Prerequisites & API Keys

You need three credentials. Set them as environment variables (.env locally, Railway Variables in production).

Variable Required Where to Get It Purpose
ANTHROPIC_API_KEY YES console.anthropic.com/settings/keys Powers all Claude agents
DATABASE_URL YES Railway PostgreSQL plugin (auto-injected) or your own PostgreSQL with pgvector Vector KB + customer workspaces + conversations
TAVILY_API_KEY YES app.tavily.com Web search for Discovery Briefs and "Chat with Claude" (current events, company research, anything post-training)

DATABASE_URL is automatically injected by the Railway PostgreSQL plugin.

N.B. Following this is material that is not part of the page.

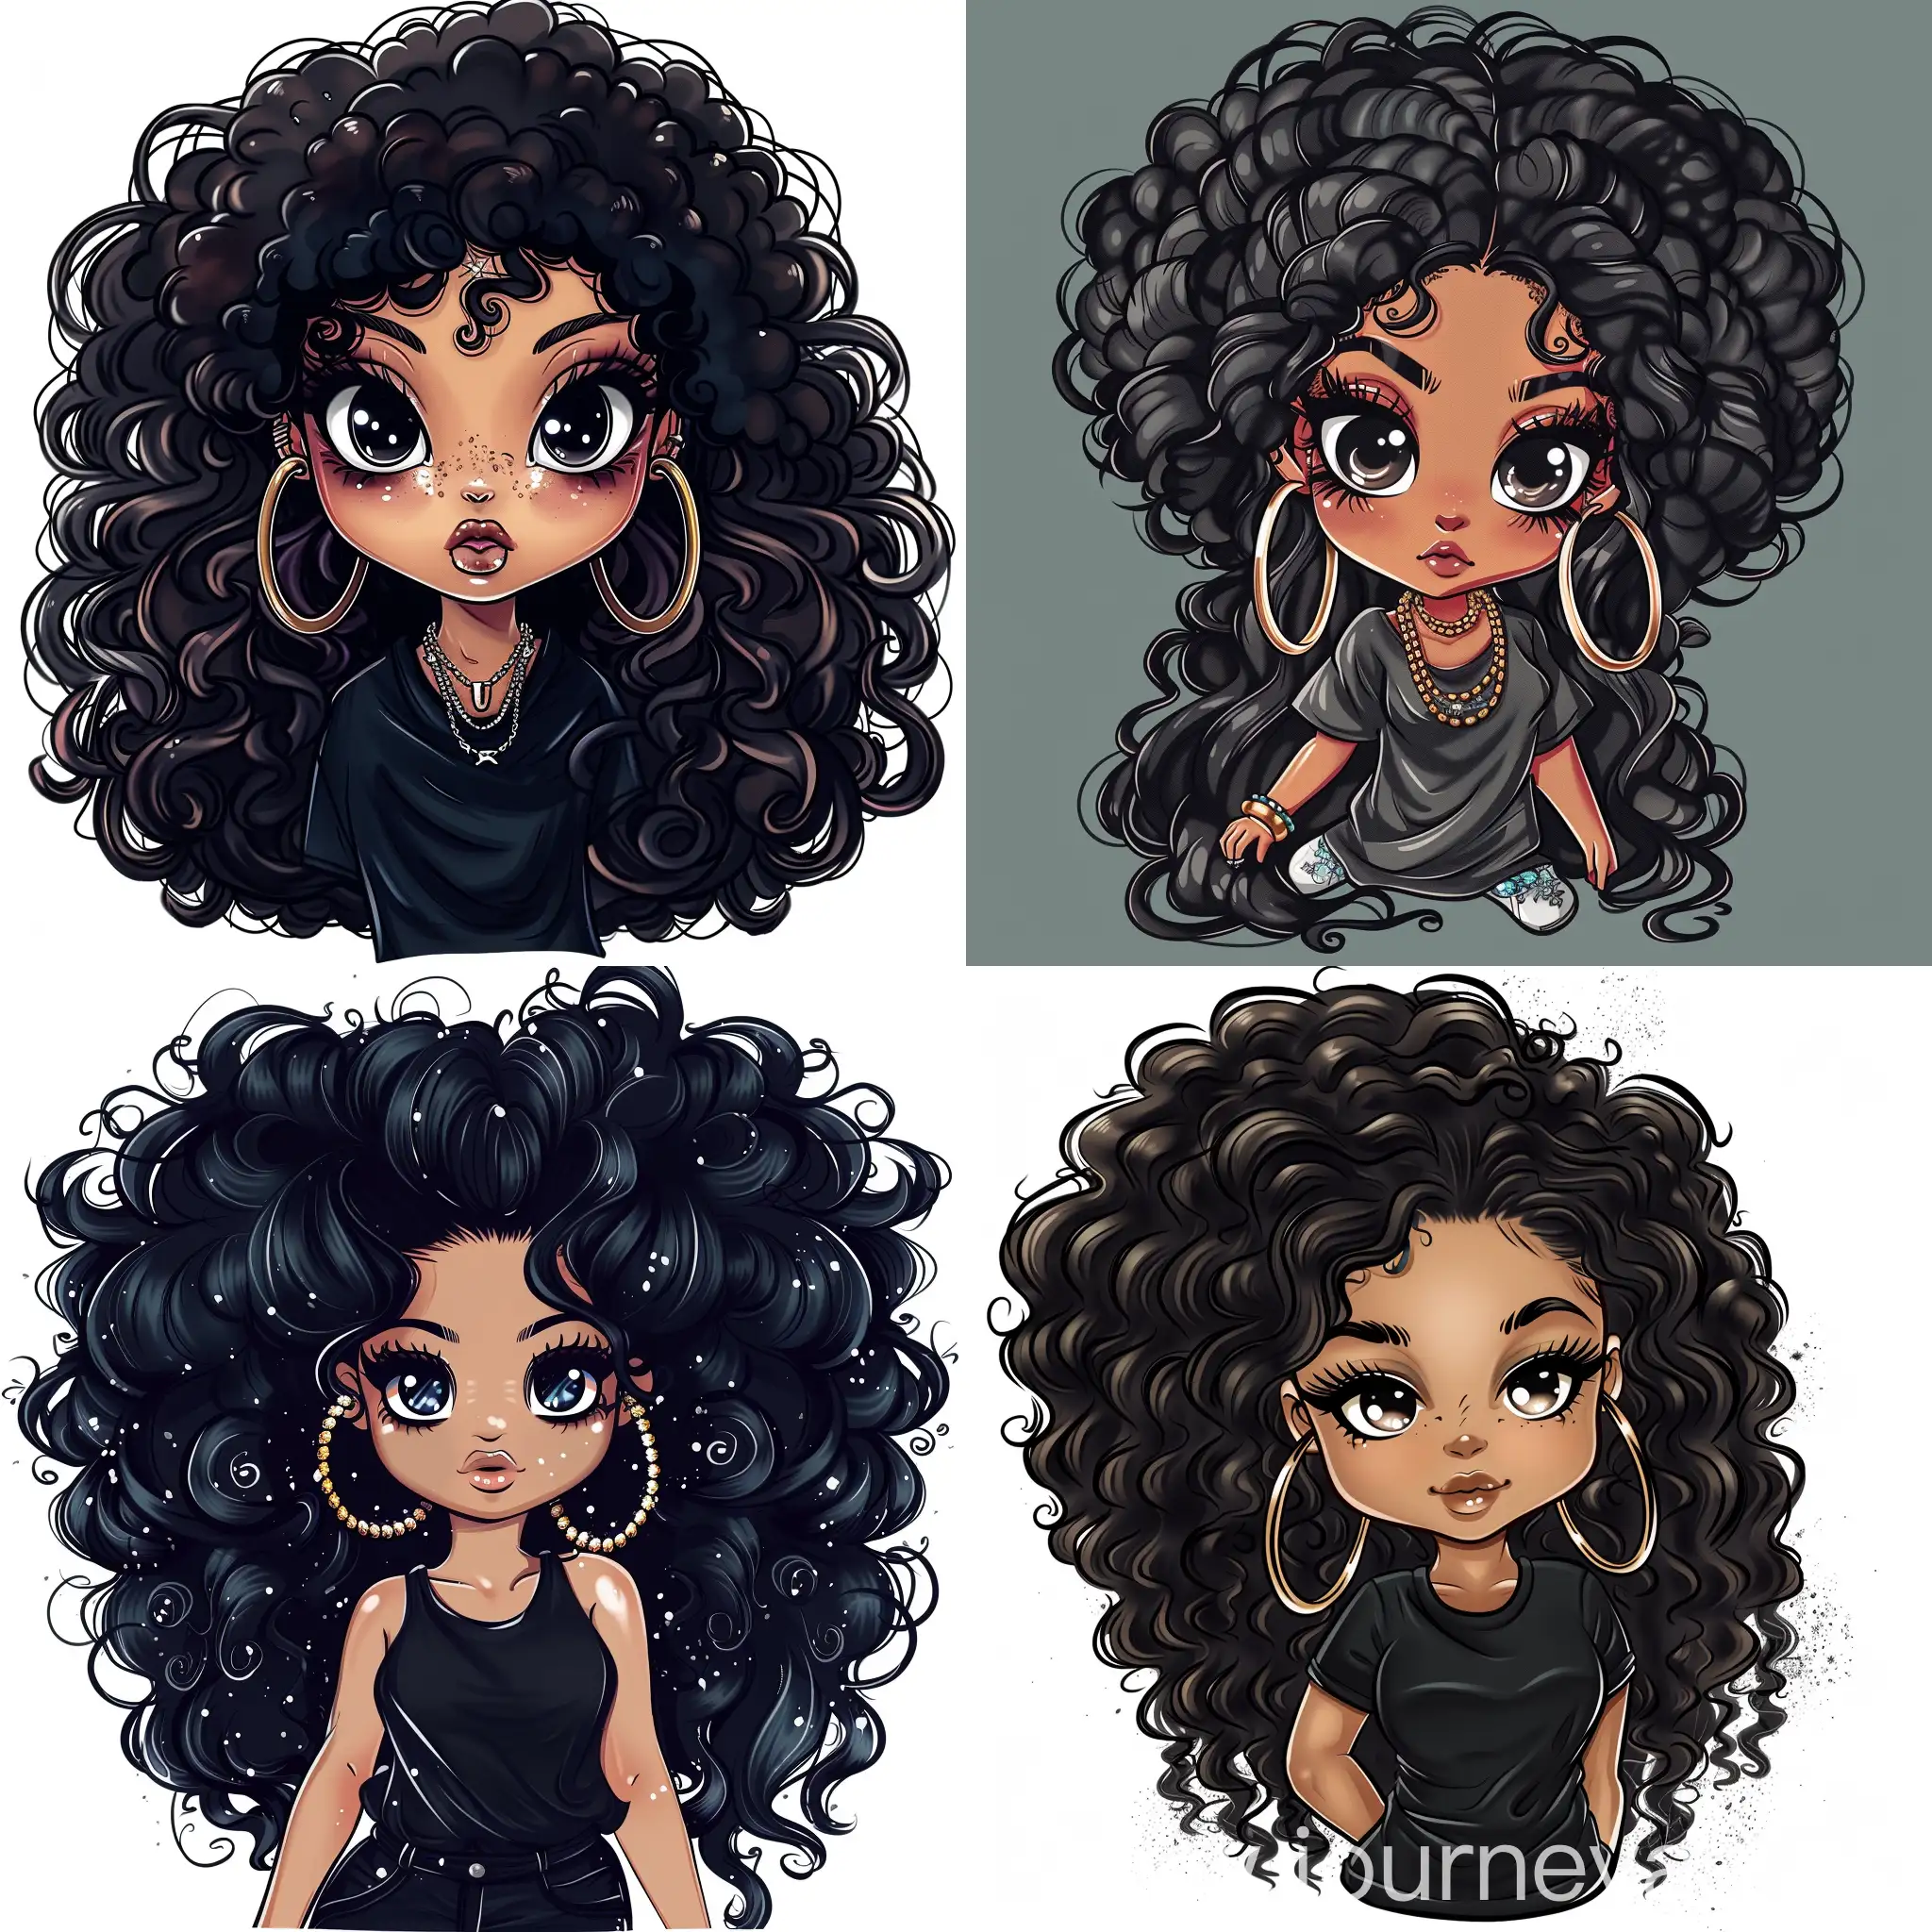 crate a t-shirt desgin of a  black ebony chibi boho with arfo hair curly with large hoop earings  llustration of long hair black girl with l arfo hair illustration
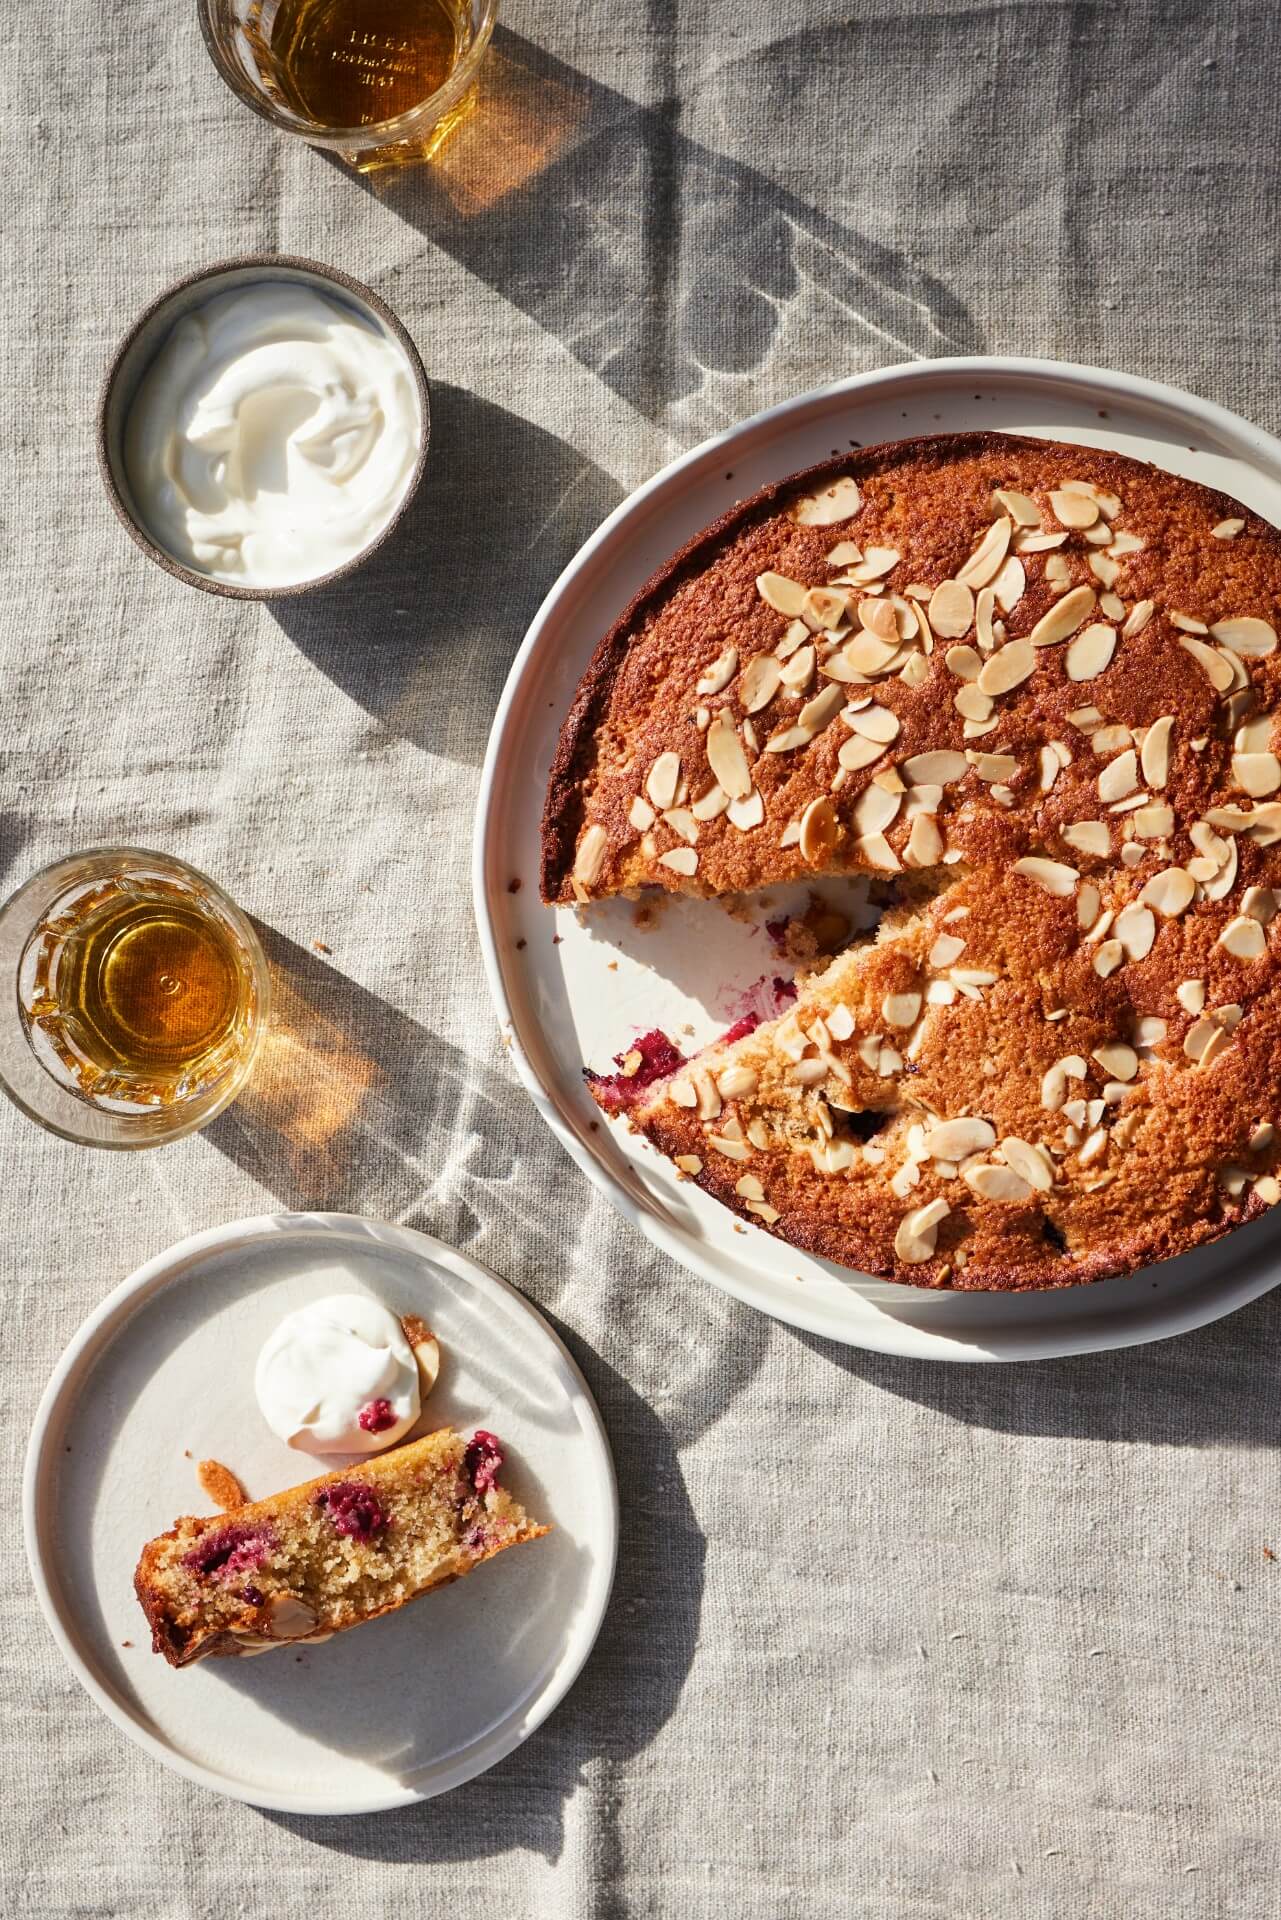 Safia Shakarchi of Another Pantry's blackberry, almond and cardamom cake recipe

Do not add it manually to the API service.


Local Development

Option A — Docker Compose

git clone https://github.com/virtualryder/AWS_FS_Assistant.git
cd "AWS_FS_Assistant"
cp .env.example .env
# Edit .env — set ANTHROPIC_API_KEY, DATABASE_URL, TAVILY_API_KEY
docker-compose up
  • API: http://localhost:8000
  • Frontend: http://localhost:3000

Option B — Manual

1. PostgreSQL + pgvector

macOS: brew install postgresql@16 && brew services start postgresql@16

Linux: sudo apt install postgresql postgresql-16-pgvector

Windows: postgresql.org/download/windows + pgvector from github.com/pgvector/pgvector

CREATE DATABASE aws_finserv;
\c aws_finserv
CREATE EXTENSION IF NOT EXISTS vector;

2. Python environment

python -m venv .venv
source .venv/bin/activate   # Windows: .venv\Scripts\activate
pip install -r requirements-api.txt

3. Configure

cp .env.example .env
ANTHROPIC_API_KEY=sk-ant-api03-your-key-here
DATABASE_URL=postgresql://postgres:yourpassword@localhost:5432/aws_finserv
TAVILY_API_KEY=tvly-your-key-here

4. Start the API

uvicorn api.main:app --reload --port 8000

Background indexer (optional — app works without it, KB starts empty):

python startup_ingest.py

5. Start the frontend

cd frontend
npm install
npm run dev   # http://localhost:3000

6. Run the e2e test

# Against local API
PYTHONIOENCODING=utf-8 python test_chat_e2e.py http://localhost:8000

# Against deployed Railway API
PYTHONIOENCODING=utf-8 python test_chat_e2e.py https://your-api.up.railway.app

Expected: 6/6 tests passed (health, create customer, create conversation, chat stream, status updates, messages persisted).


Railway Deployment

The app deploys as three Railway resources inside one project:

Railway Project
  ├─ PostgreSQL plugin       ← pgvector KB + all app data (auto-injects DATABASE_URL)
  ├─ Service: API            ← FastAPI (Dockerfile.api, repo root)
  └─ Service: Frontend       ← Next.js (frontend/ subdirectory)

Deployment order: PostgreSQL → API → Frontend

API Service Environment Variables

Variable Value
ANTHROPIC_API_KEY sk-ant-api03-...
TAVILY_API_KEY tvly-...
DATABASE_URL Link from PostgreSQL plugin — do not type manually

Frontend Service Environment Variables

Variable Value Notes
NEXT_PUBLIC_API_URL https://your-api-service.up.railway.app Required. No trailing slash. SSE calls go directly to the API from the browser to avoid Railway's frontend proxy timeout on long responses (~9 min). This variable is baked into the build — set it before deploying.

After Deploying Both Services — Update CORS

Add your frontend Railway domain to api/main.py:

allow_origins=[
    "http://localhost:3000",
    "https://your-frontend.up.railway.app",  # ← add this
],

Commit and push — Railway redeploys the API automatically.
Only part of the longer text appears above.